═══ MATERIAL TO PROCESS ═══

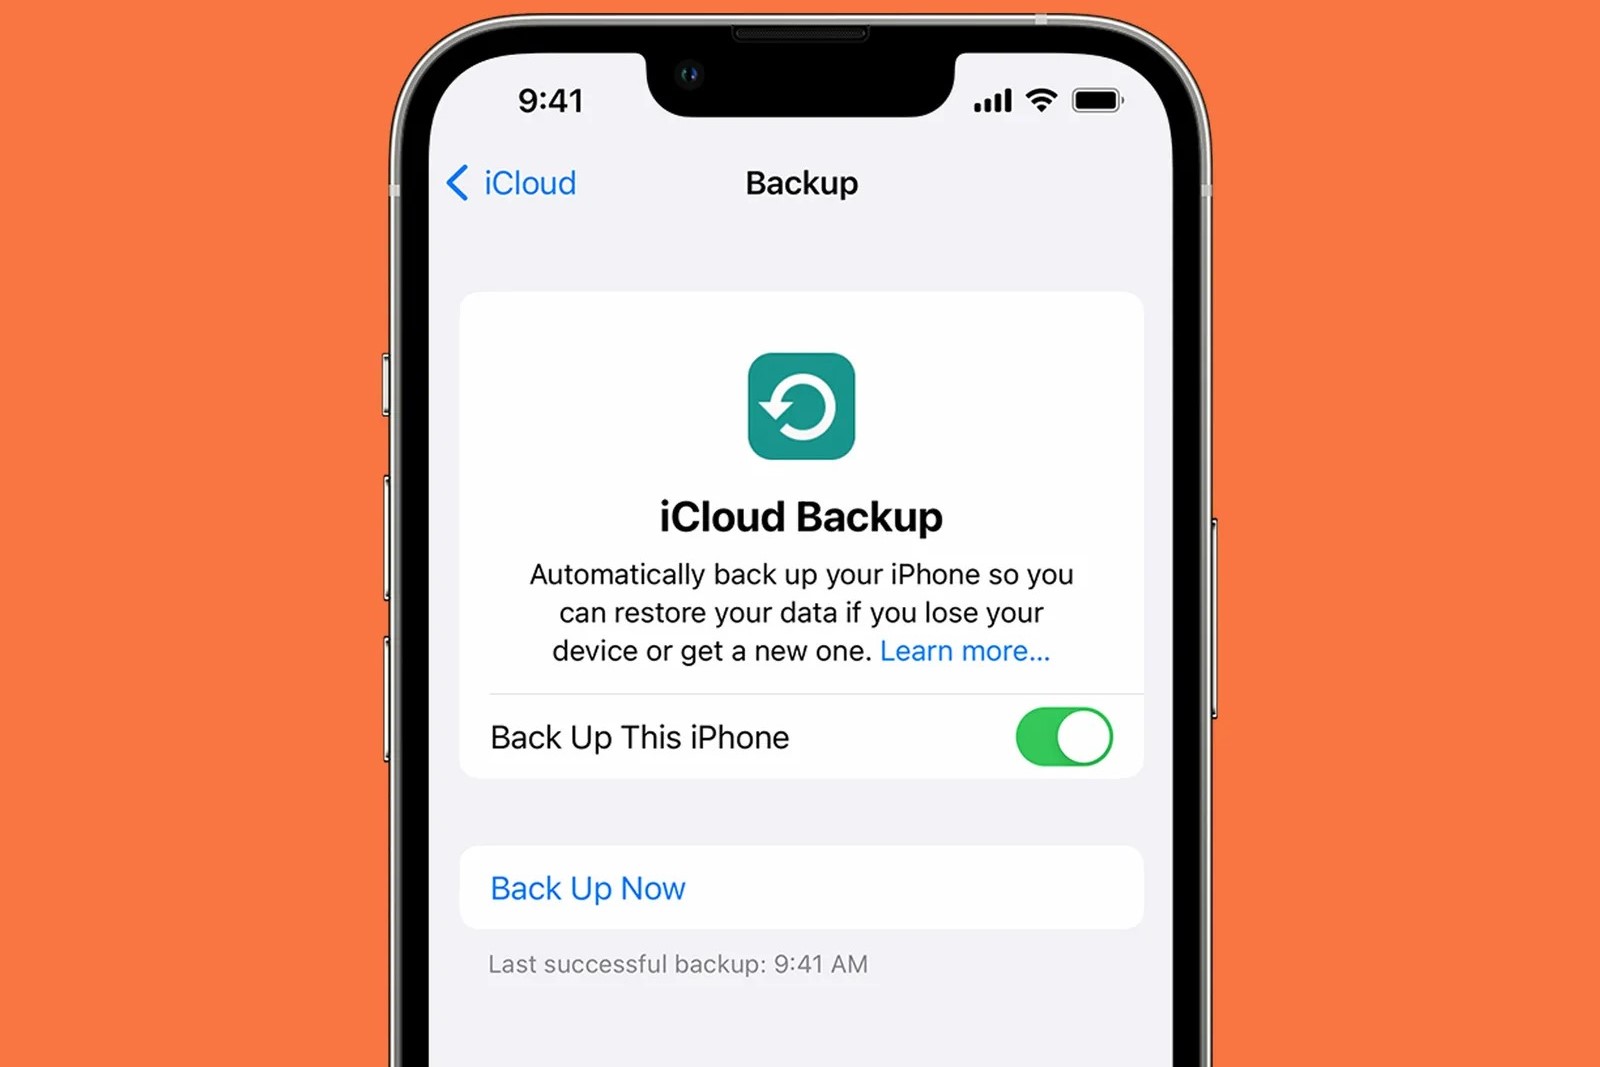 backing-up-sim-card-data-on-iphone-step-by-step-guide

═══
═══ MATERIAL TO PROCESS ═══

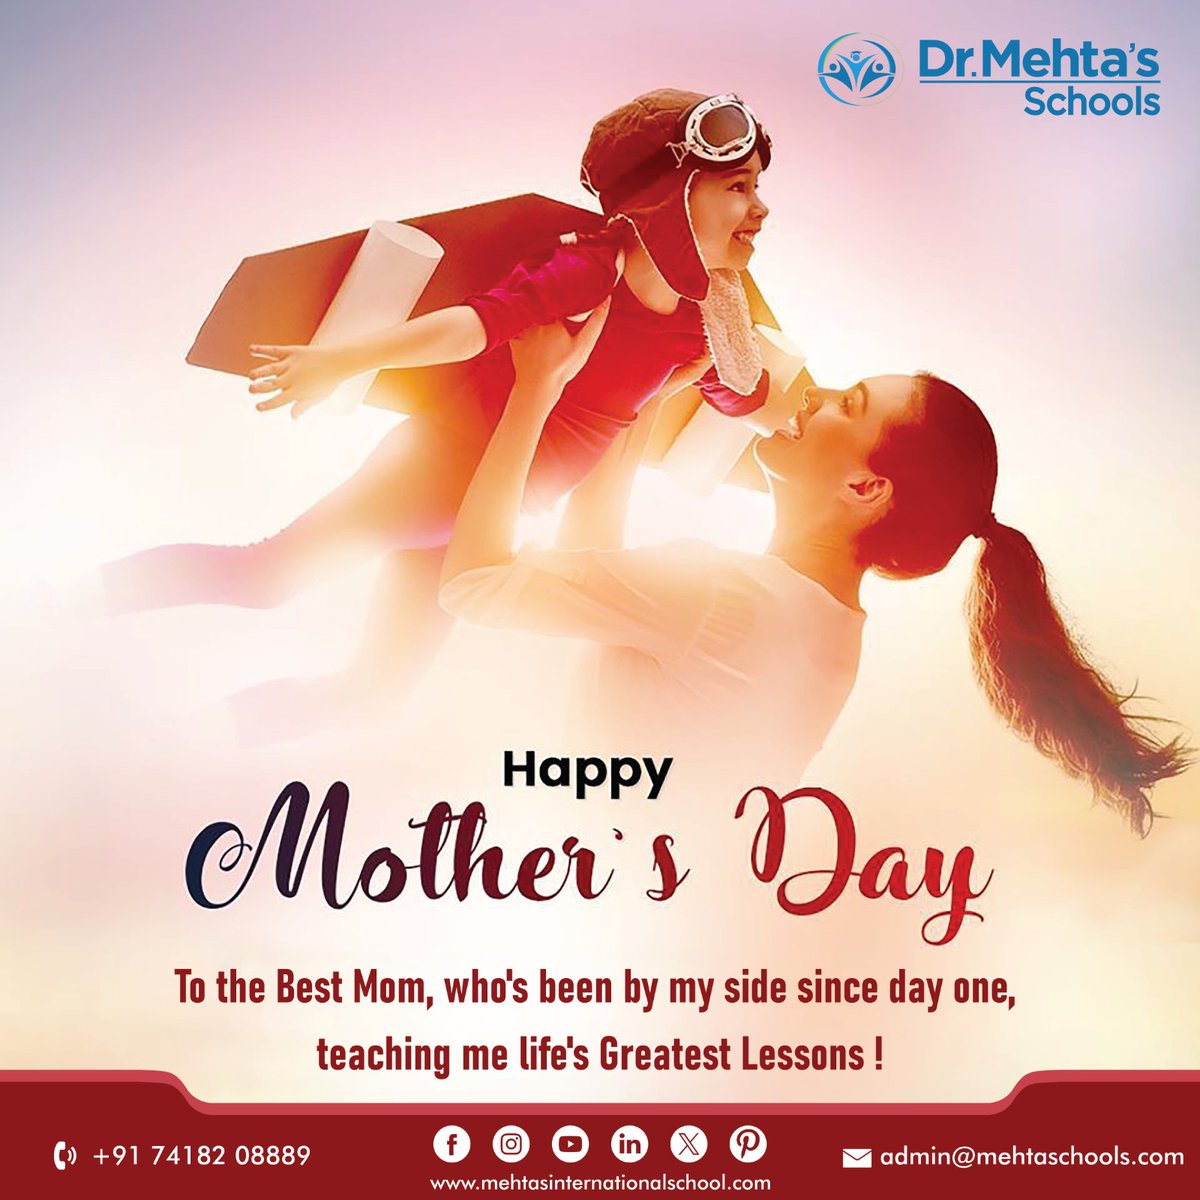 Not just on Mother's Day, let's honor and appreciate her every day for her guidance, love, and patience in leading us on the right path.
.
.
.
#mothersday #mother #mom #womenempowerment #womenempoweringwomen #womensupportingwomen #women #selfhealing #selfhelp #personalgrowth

═══

- YOUR TASK
Everything above from the line containing "Not just on" through the line containing "#mothersday #mother #mom" must be repeated exactly, and the pictures must be left out.

- ANSWER AREA
 Not just on Mother's Day, let's honor and appreciate her every day for her guidance, love, and patience in leading us on the right path.
.
.
.
#mothersday #mother #mom #womenempowerment #womenempoweringwomen #womensupportingwomen #women #selfhealing #selfhelp #personalgrowth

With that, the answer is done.